Single by Carole King

from the album Music
- B-side: "Pocket Money"
- Released: January 1972
- Genre: Folk rock, soft rock, blue-eyed soul
- Length: 3:14
- Label: Ode Records A&M Records Sony/BMG
- Songwriters: Toni Stern, Carole King
- Producer: Lou Adler

Carole King singles chronology
| "So Far Away" (1971) | "Sweet Seasons" (1972) | "Been to Canaan" (1972) |

= Sweet Seasons =

“Sweet Seasons” is a song written by Carole King and Toni Stern which appeared on King's 1971 album Music. It was the only charting single from the album, and was her second of four Top 10 hits in the US.

==Background==
E! News reporter Josh Grossberg described it as one of King's biggest hits. Cash Box described it as a "piano pumper-thumper" that is "bright and breezy." Record World called it a "worthy choice" as the first single from Music.

Musicologist James Perone describes Stern's lyrics as being less personal than the lyrics Stern and King wrote for songs on King's earlier album Tapestry. However, there is one line which Perone does regard as personal, when King sings about having kids and building a life in the country. Perone feels that this line refers to King's daughters and her move to Idaho. According to New Jersey Star-Ledger reporter Tris McCall, the lyrics portray the singer in a manner that King often portrays her songs' protagonists, as 'sharp-witted and adorable, but also diffident and reflexively self-deferential'.

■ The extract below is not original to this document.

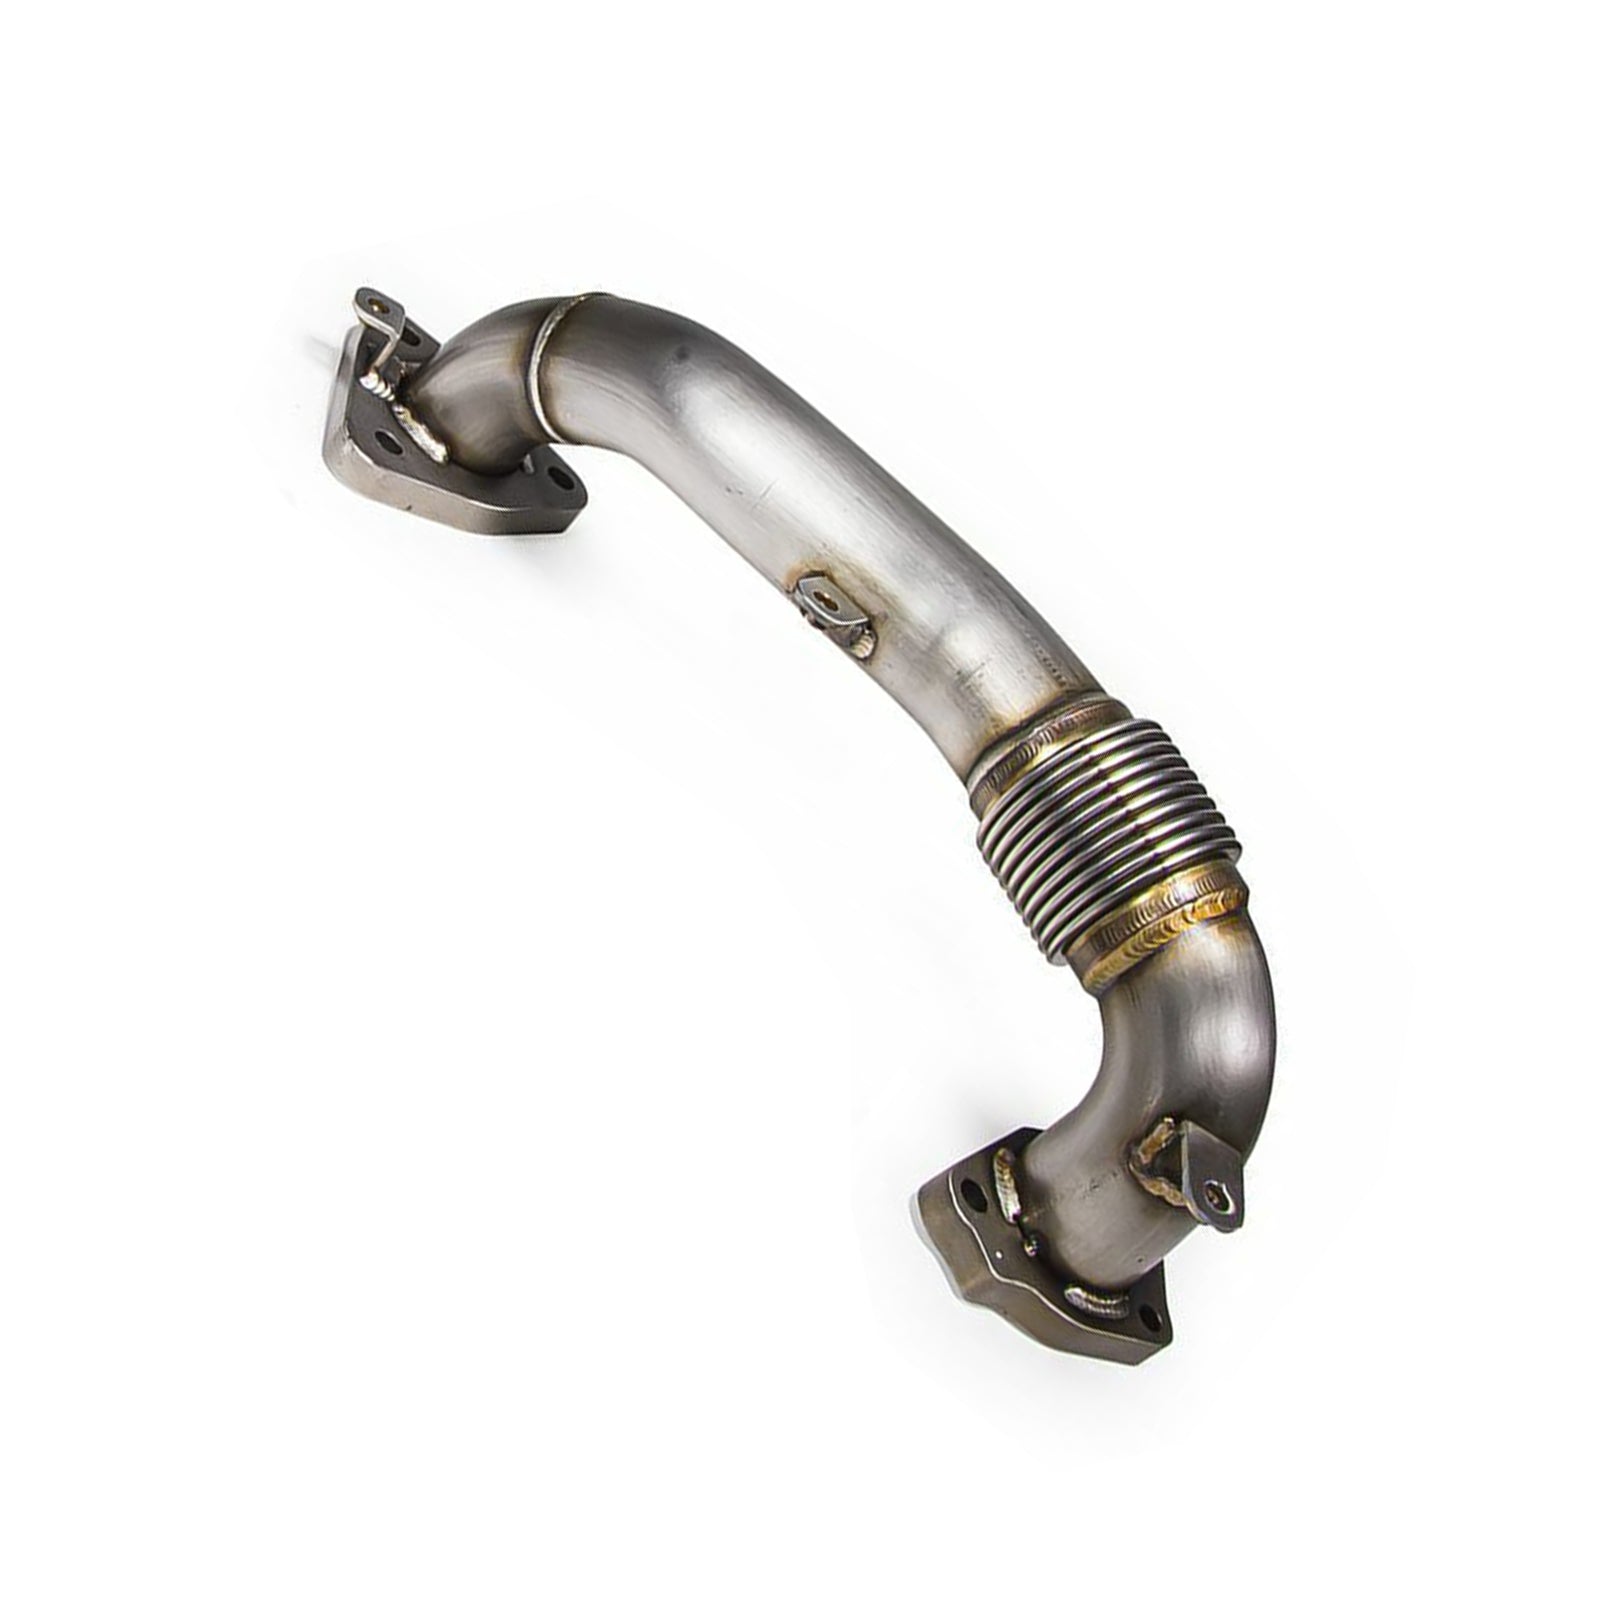 Chevy 2017-2020 6.6L L5P Duramax Diesel 3.5" High Flow Exhaust Up Pipes

Perone describes the song as 'Top 40, pop-oriented' but also hears elements in the arrangement that anticipate Steely Dan's sound as well as Rickie Lee Jones' horn arrangement in "Chuck E.'s in Love". Perone rates the song as 'an ideal AM radio, top-40 pop song... that stands up as well as any of Carole King's hit compositions'. But Tim Crouse of Rolling Stone describes the song as a disappointing throwaway. Actress Jessie Mueller, who portrayed King in the Broadway musical Beautiful: The Carole King Musical, regards "Sweet Seasons" as one of her favorite King songs.

==Personnel==
Credits adapted from The Words and Music of Carole King.
- Carole King – vocals, piano
- Curtis Amy – tenor saxophone
- Oscar Brashear – flugelhorn
- Bobbye Hall – bongos, congas
- Danny Kortchmar – electric guitar
- Charles Larkey – bass guitar
- Joel O'Brien – drums
- Ralph Schuckett – Hammond organ

==Chart performance==
"Sweet Seasons" reached No. 9 in the United States and No. 12 in Canada. It was also an Adult Contemporary hit in both nations, reaching numbers 2 and 21, respectively. The song was also popular in Germany, particularly among younger people.

===Weekly charts===

| Chart (1972) | Peak position |
|---|---|
| Australia Go-Set | 19 |
| Australia KMR | 23 |
| Canada RPM 100 Singles | 12 |
| Canada Adult Contemporary | 21 |
| U.S. Adult Contemporary | 2 |
| U.S. Billboard Hot 100 | 9 |
| U.S. Cash Box Top 100 | 8 |

===Year-end charts===

| Chart (1972) | Rank |
|---|---|
| Australia KMR | 162 |
| U.S. (Joel Whitburn's Pop Annual) | 94 |
| U.S. Cash Box | 84 |

==Covers==
"Sweet Seasons" has been covered by several musicians, including The Isley Brothers (1972), Frances Yip (1973) and Micky Dolenz (2010).